My switch is capable of routing 176Gbps and 131Mpps IPv4 + 110Mpps and still managed at one point to have lag even on the vlans not connected to the Internet.
What does it matter when only 3Gbit can reach it anyways?
Besides what does "unlimited" IP spoofing even mean. All that's needed for spoofing is a provider which (including upstreams) doesn't filter outgoing traffic. What gets send from there is pretty much "unlimited" by definition. Like i've said before a single 10Gbit box at Ecatel could flood you offline. Zero sophistication needed. I'm sorry but it's true.
This has gone too long. Can someone do tl;dr till now ?
Hazi is DDoSed via DNS amplification of about 4Gbps, waits for Arbor (3 working? days ETA)

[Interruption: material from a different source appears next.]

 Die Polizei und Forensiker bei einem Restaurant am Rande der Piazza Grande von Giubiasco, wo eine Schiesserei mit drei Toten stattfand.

His network is receiving a ton of shit. At this point it's not even certain if it's DDoS or a misconfiguration at one of his providers. He insists it's DDoS though and one very special super DDoS at that, while fully ignoring that even the most stupid packet flood would saturate his uplink.
Certainly not your side.
It is not frustration, it is honesty.
And also, you could have simply ask and would have gotten an answer. I will not support shady sellers, no matter if their name is hazi or woodenrack.
I don't need your support, but your opinions against me don't help anyone either.

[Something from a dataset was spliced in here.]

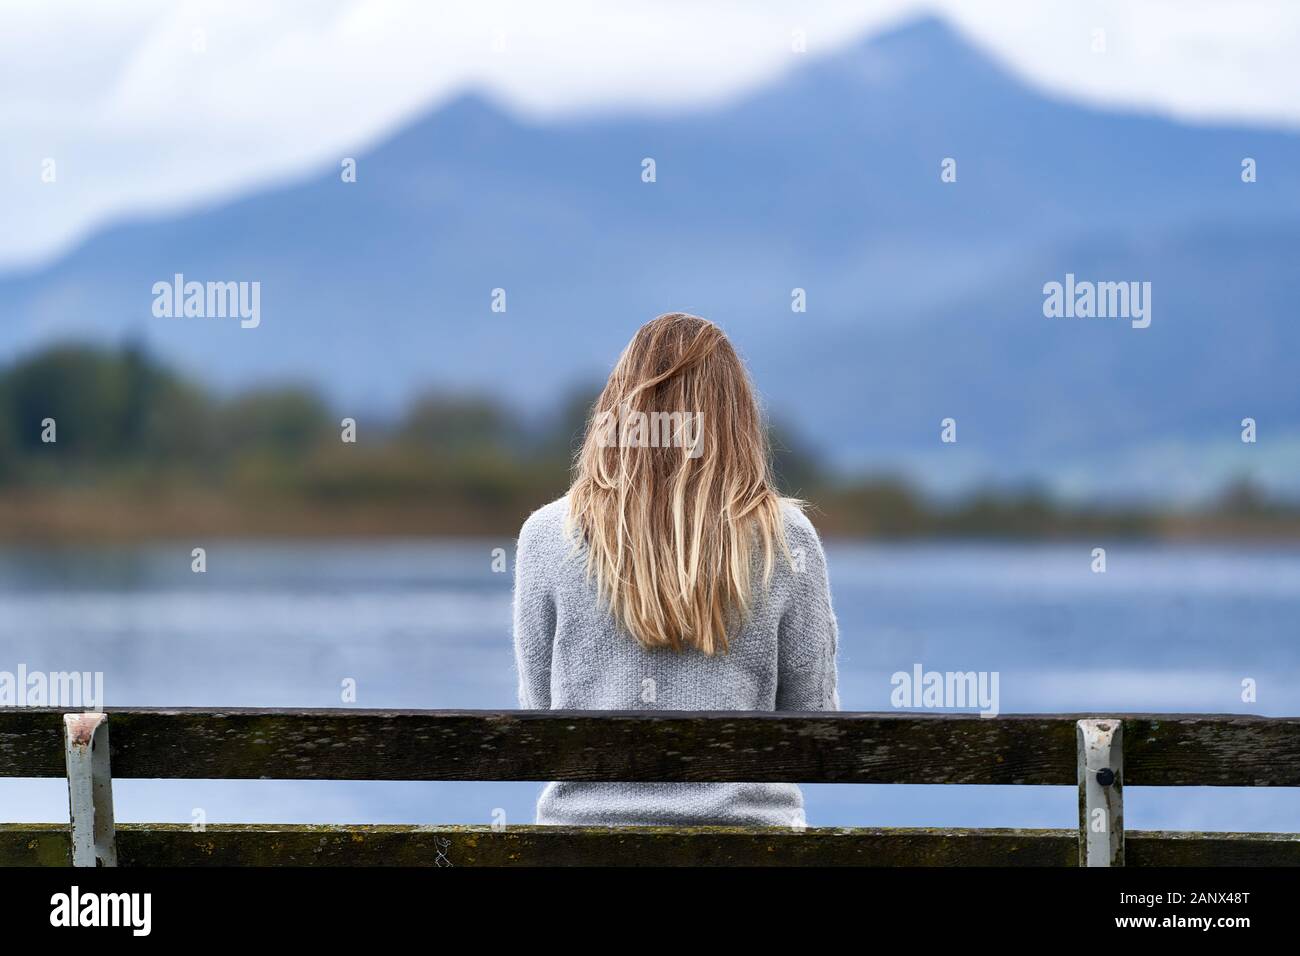 Jeune fille blonde avec de longs cheveux, asseyez-vous à l'appareil photo sur un banc en bois devant un lac calme de Baviera. Composition pittoresque avec m bleu Banque D'Images

Seems to be going mostly via RCS / RDS now, which seemingly supports hiding the last few hops if you're trying it.
Good on installing FastNetMon.
Everything about this situation is ...hazy.
I am totally confused on what @FlorinMarian is trying to achieve.
If the objective is to get his subscribers back on line as quickly as possible (which it should be!) he should have reached out to at least 3 guys on this thread, created a communication channel with them and tracked this thing down days ago.
I know I would have done that if in his shoes.
If the objective is to find a way out of an undesirable business that has become a burden (hint, he has vacated his basement DC to pursue true love) then this makes some kind of sense, but enough people are considering this possibility now and if he deadpools he will be called out.
If it is a marketing stunt...naa cannot be that ..gone on for too long
Or he could simply be a 19 year old dude who thinks he knows more than he actually does and is not yet aware enough to know how he comes across.
Whichever it is, this has gone on for too long, it was fun for a long while, but I suspect the fun is wearing off.
@FlorinMarian it is time to pull the plug on this drama.
Problem solved
All the traffic goes to the opposite side.
With a new srcip that can be easily dropped.
His network cant ever receive traffic, let alone re-sending it haha
Run the DNAT command on 100Gbps connection.
If nftables isn't fast enough, use the DPDK equivalent (pay me 100 push-ups and I'll write for you, it's about 100 lines).
RIP Andreix network.
Even from the evening of the attack, I did the simplest thing, I ordered BYIOP from OVH, knowing that it would take up to 3 weeks (with the first subnet, I was lucky and it was ready in just 10 days).
A few days ago I did not have as many certainties as now.
Think that at the moment 5 out of the 8 IPs targeted with a huge number of packets are not even configured on any device, so no GRE tunnel would help me because the tunnel would be configured according to the saturated band with Orange.
If I were to buy GRE + BGP support from somewhere, the attacker would simply move the attack to the IPs from Orange with which we have configured the switches and the attack would continue to produce its effects.
@FlorinMarian Why did you talk to your accountant about entering insolvency?
Don't tell others what's your 🍊 IP.
Show me your 🍑
In order to get rid of the costs of the dedicated Internet for 24 months in Romania, paid unnecessarily after going to OVH, I took this into account, but the way the contracts with the ISPs are formulated makes the process very difficult.
It was a simple option to close the current SRL and open a new one while keeping my clients, but it is not cheap or simple at all.